Platon’un Phaidros adlı eserinde Socrates’in ağzından Ağustos böceğinin hümanist bir öyküsü anlatılır.
Sokrates'e göre antik çağda Mousa’lar olarak kabul edilen 9 ilham perisi dünyaya gelene kadar Ağustos böcekleri de birer insandı. İlham perilerinin doğumuyla, diğer sanat türleriyle birlikte müzik de ortaya çıkınca, bazı insanlar hiç durmadan sürekli şarkı söyleyerek yemekten içmekten kesildiler ve hayatlarını kaybettiler.
Onların bu hazin sonu 9 ilham perisinin annesi olan Mnemosyne'yi çok üzdü.
Mnemosyne bu talihsiz ruhları, ömür boyu şarkı söyleyebilsinler diye "ağustos böceklerine" dönüştürdü.
Sokrates der ki, ağustos böceklerinin müziğe olan tutkuları, eğlenceye olan düşkünlüklerinden ya da tembelliklerinden değil, sanata verdikleri değerden kaynaklıdır.
Sanata değer vermeyen bir çok siyasetçi de Ağustos böceklerinin bu nefes almadan ses çıkarma özelliğine özenirler.
Seçim öncesi meydanlarda, televizyon ekranlarında soluksuz konuşup, eser gürlerler.
Kendi çıkarları peşinde koştuklarını için çevreye yarar yerine büyük zarar verirler.
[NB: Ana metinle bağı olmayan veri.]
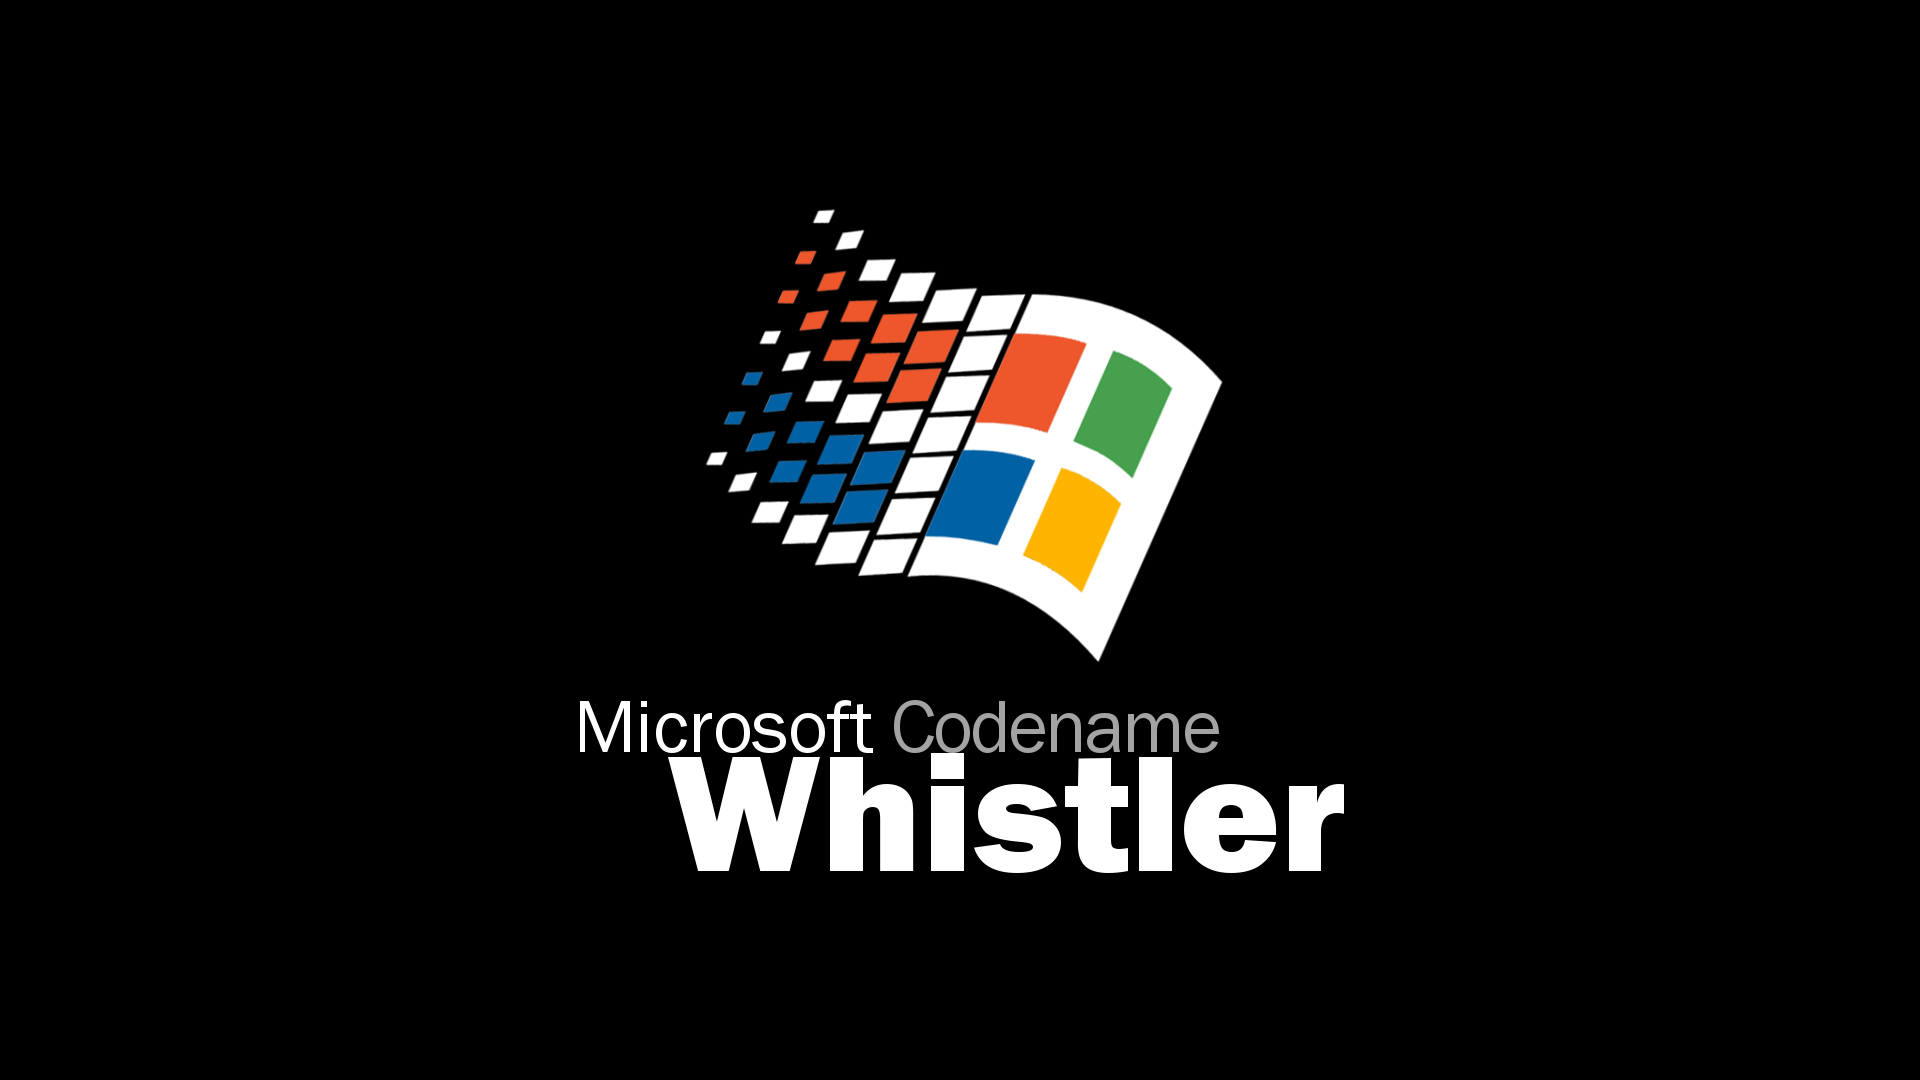 Microsoft Codename Windows Whistler Wallpaper

Seçim sonrası ise sus pus olurlar.
Bu yüzden çakma Ağustos böceklerinden uzak durmak gerekir.
Bugün 12 Ağustos..
Ağustos Böceklerinin muhteşem korosu doğayı inletiyor.
Bugün aynı zamanda Can Yücel'in 23'ncü ölüm yıldönümü.
Can Baba'nın çok şiirinde yer aldı bu Ağustos böcekleri.
Ay Işığı Sonatı, Vakitsiz Dinleti unutulur mu?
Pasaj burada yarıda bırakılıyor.